Download or Read eBook Semi-Supervised Learning PDF written by Olivier Chapelle and published by MIT Press. This book was released on 2010-01-22 with total page 525 pages. Available in PDF, EPUB and Kindle.
Semi-Supervised Learning
Author :
Publisher : MIT Press
Total Pages : 525
Release :
ISBN-10 : 9780262514125
ISBN-13 : 0262514125
Rating : 4/5 (25 Downloads)

Book Synopsis Semi-Supervised Learning by : Olivier Chapelle

Book excerpt: A comprehensive review of an area of machine learning that deals with the use of unlabeled data in classification problems: state-of-the-art algorithms, a taxonomy of the field, applications, benchmark experiments, and directions for future research. In the field of machine learning, semi-supervised learning (SSL) occupies the middle ground, between supervised learning (in which all training examples are labeled) and unsupervised learning (in which no label data are given). Interest in SSL has increased in recent years, particularly because of application domains in which unlabeled data are plentiful, such as images, text, and bioinformatics. This first comprehensive overview of SSL presents state-of-the-art algorithms, a taxonomy of the field, selected applications, benchmark experiments, and perspectives on ongoing and future research.Semi-Supervised Learning first presents the key assumptions and ideas underlying the field: smoothness, cluster or low-density separation, manifold structure, and transduction. The core of the book is the presentation of SSL methods, organized according to algorithmic strategies.
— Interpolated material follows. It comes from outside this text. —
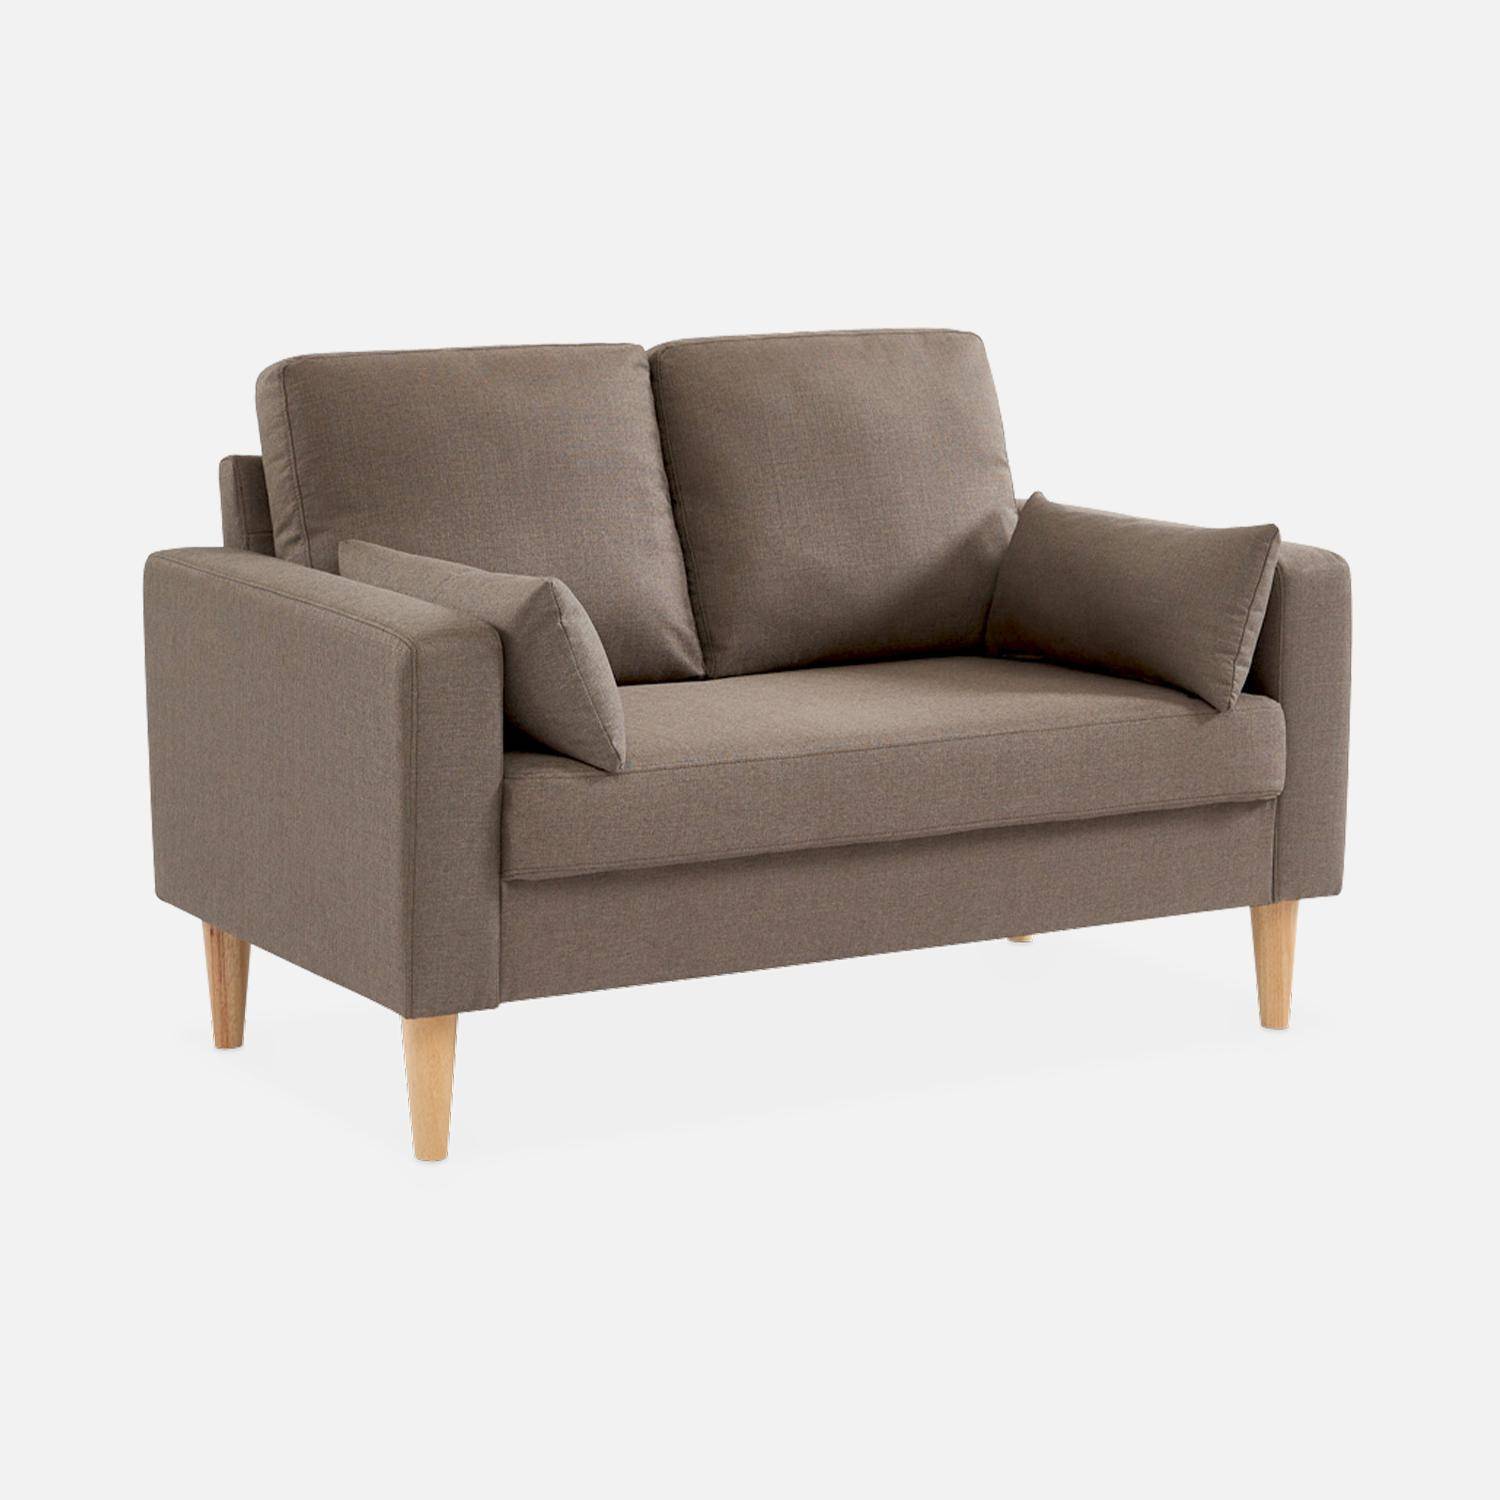 2-Sitz Sofa - Bjorn 2 - Braun, Gestell aus Eukalyptus, Bezug aus Polyester, Holzbeine, Sofa im skandinavischen Stil  Photo2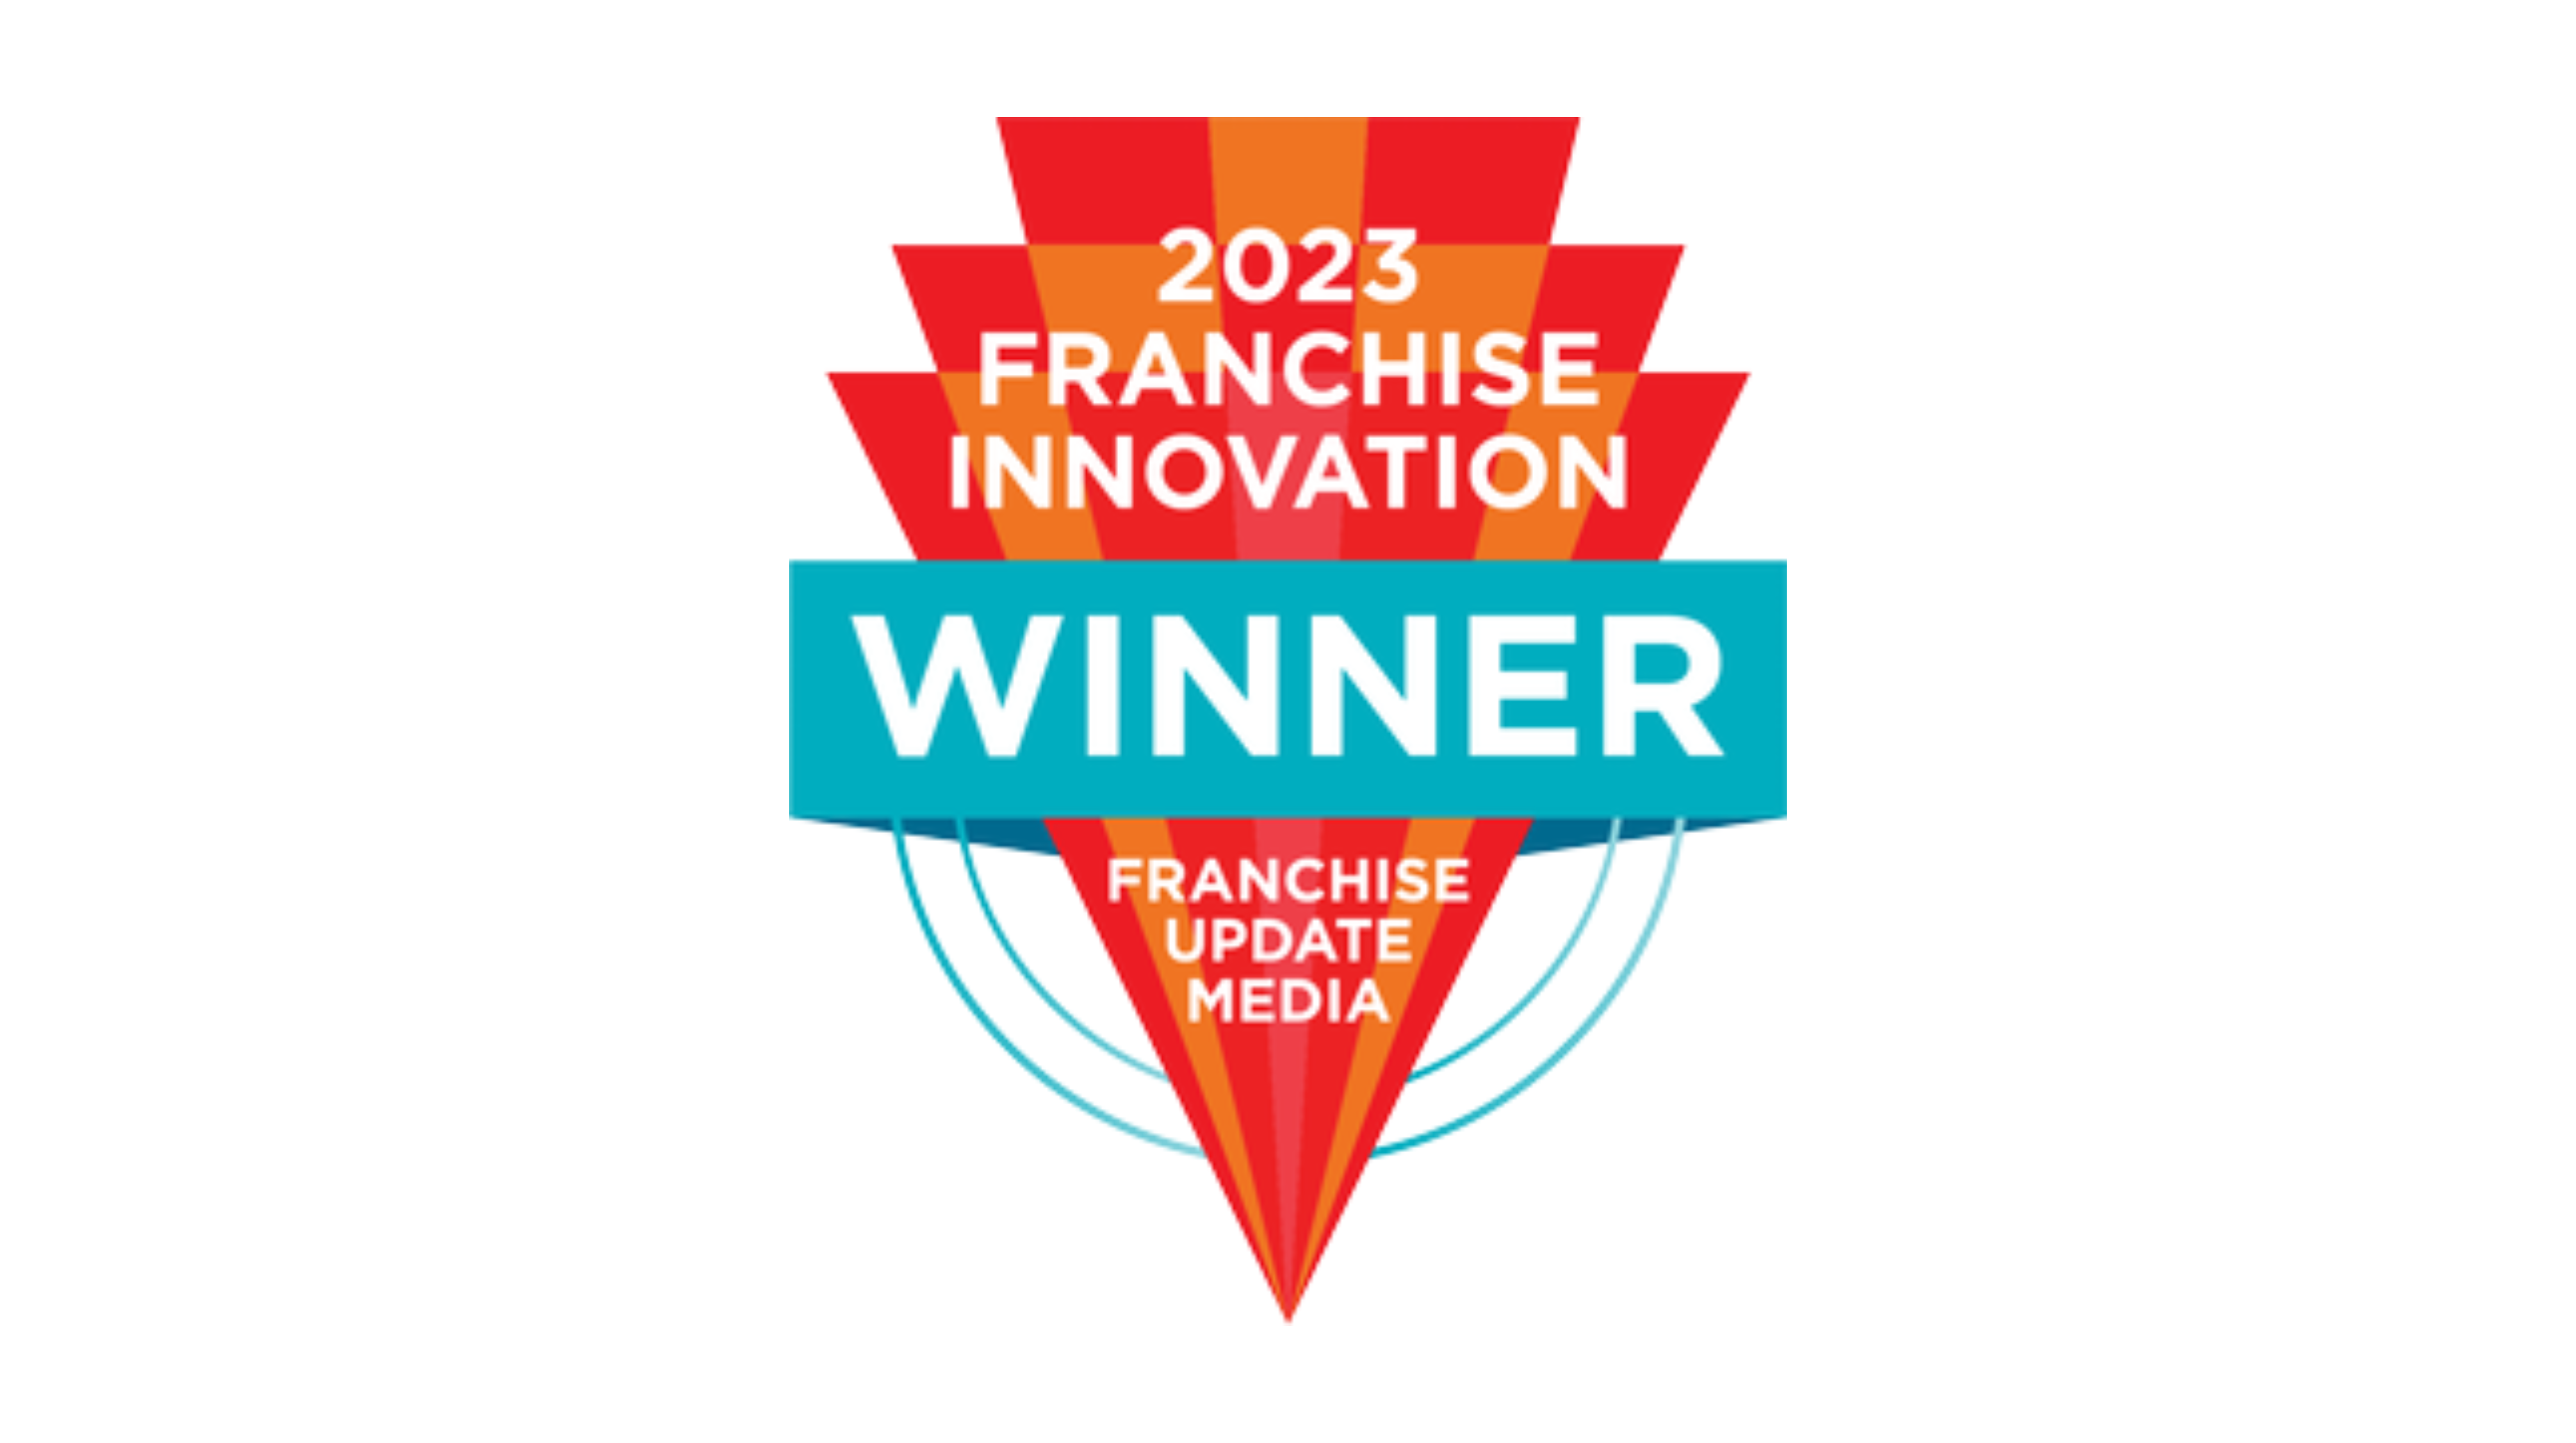 Franchise Innovation Winner badge

After an examination of generative models, the book describes algorithms that implement the low-density separation assumption, graph-based methods, and algorithms that perform two-step learning. The book then discusses SSL applications and offers guidelines for SSL practitioners by analyzing the results of extensive benchmark experiments. Finally, the book looks at interesting directions for SSL research. The book closes with a discussion of the relationship between semi-supervised learning and transduction.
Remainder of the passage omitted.